Genderphobia and Sexual Correctness

February 18, 1994|By RICHARD ALAN RUBIN

SAN FRANCISCO — San Francisco. -- Judging from a growing catalog of magazines, books and conversations on college campuses exploring "sexual correctness," it should not be long before psychiatrists begin treating people for a new disorder.

They might be tempted to label it "genderphobia."

The condition is manifested by an excessive penchant for misinterpreting communications between the sexes. In its severest forms, it is characterized by open and pronounced hostility.

While it can strike men, it mainly strikes women.

At the moment, the ailment appears confined to some militant feminists, crusading "rape crisis" attorneys, conservative educators and assorted disciples of the largely discarded Puritan ethic.

Scattered outbreaks have also been reported among college administrators inclined to view explicit flirtation between students as potentially suspicious.

If not treated early, the ailment progresses into full-blown delusions of victimization.

The only antidote is quarantining of the sexes.

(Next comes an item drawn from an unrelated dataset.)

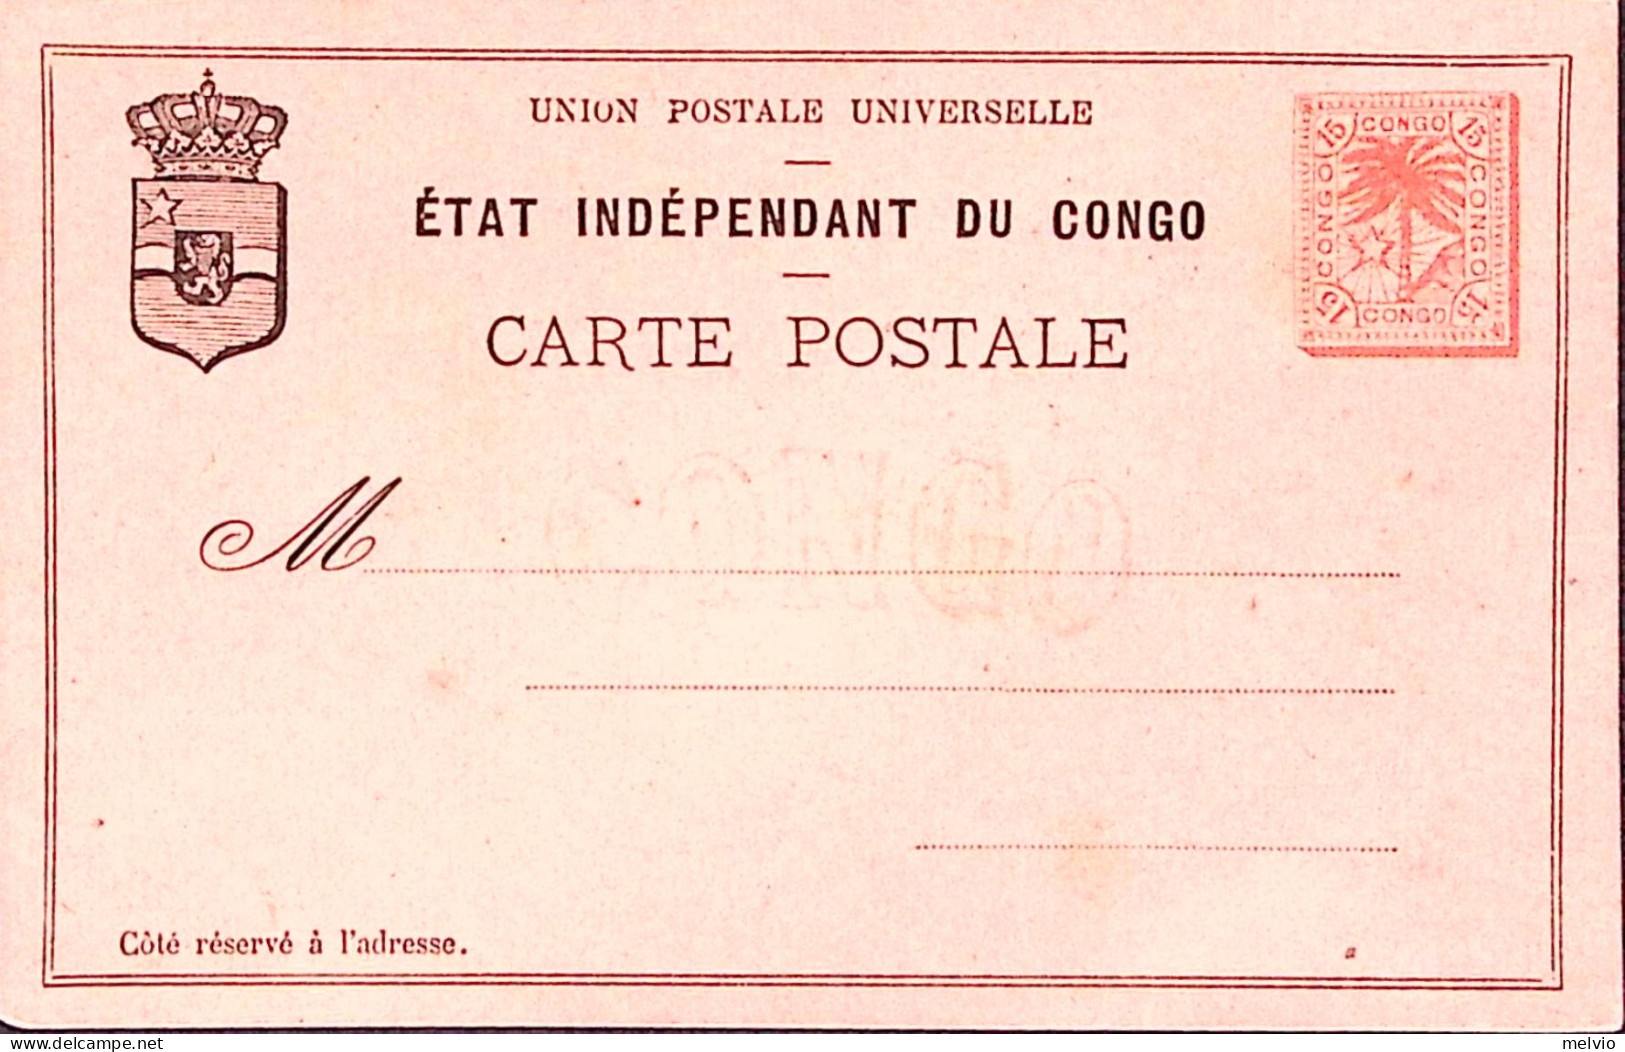 1900circa-Stato Indipendente del Congo intero postale nuovo
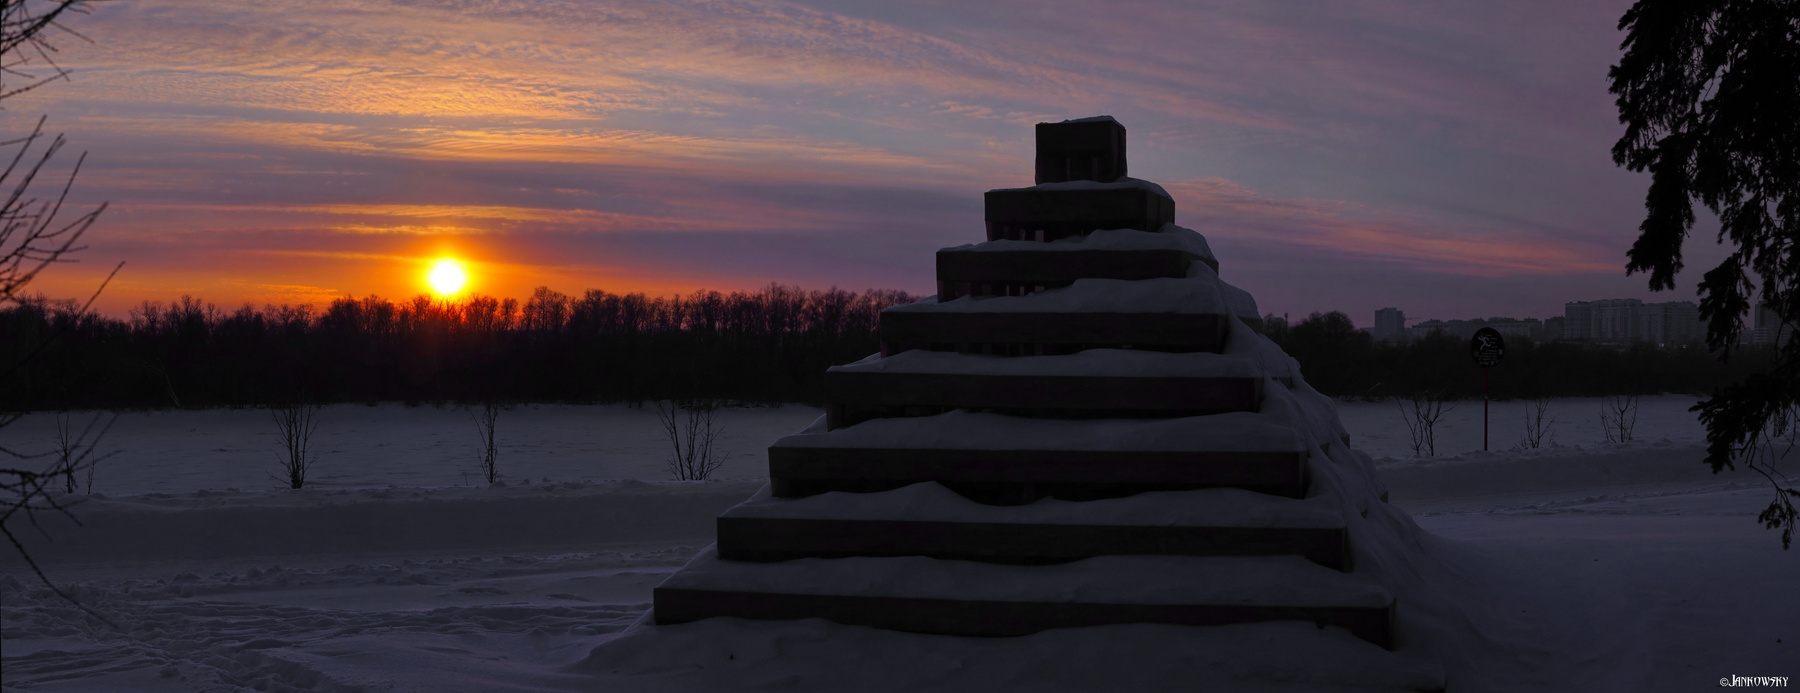 Зиккурат  на закате.  Панорама Зиккурат омск закат мороз зимой Sigma 60mm Art сибирь парк деревянное для цветов сооружение Иртыш

The emerging picture this offers of American society -- and specifically of the American male -- is, at the very least, unsettling. The gathering hysteria surrounding reports of behavioral miscreants is beginning to sound a little like McCarthyism revisited. Instead of spotting Communists everywhere, we find male terrorists from schoolroom to boardroom.

Punctuated by the Anita Hill-Clarence Thomas imbroglio and fed by such noted feminist authors as Susan Faludi, Katha Pollitt, Carol Pritchard and Robin Warshaw, who see date rapes and sexual harassment reaching epidemic proportions, the myth of woman as the helpless victim in a culture dominated by male bestiality is taking on epic proportions.

Disclosures about the alleged sexual misconduct of at least one U.S. senator have done little to quell the fury.

In such an environment, rational discourse is giving way to a rising tide of invective among warring feminists trying to outdo one another with battlefield statistics.

The more important and defining issues involving the changing roles of men and women are getting lost in the flood of angry rhetoric.

Not only does the current debate trivialize the concerns of millions of Americans who find all gender abuse abhorrent, but it stereotypes modern women as helpless creatures in need of continuing protection.

In attempting to punish real villains, we are in danger of snaring the innocent. Conduct not always tasteful may still be legal. Behavior offensive to some may fall within the imperfect yet accepted norms between permissiveness and over-regulation.

Rape can never be condoned. But when the dreaded word is stretched to include verbal persuasion, we have entered the gray zone where author Katie Roiphe says, "Someone's rape may be another person's bad night."

Setting out radar traps to catch sexual behavior before it starts, which some genderphobes appear ready to do, would be an ironic twist after years of trying to break the bonds that held men and women captive to antiquated notions of sexuality.

But if we must go about redefining the rules of sexual interaction -- which for most part have worked quite well -- we risk spawning a virulent pathology of gender alienation that may destroy more than it cures.

Richard Alan Rubin teaches communications and social policy at Golden Gate University.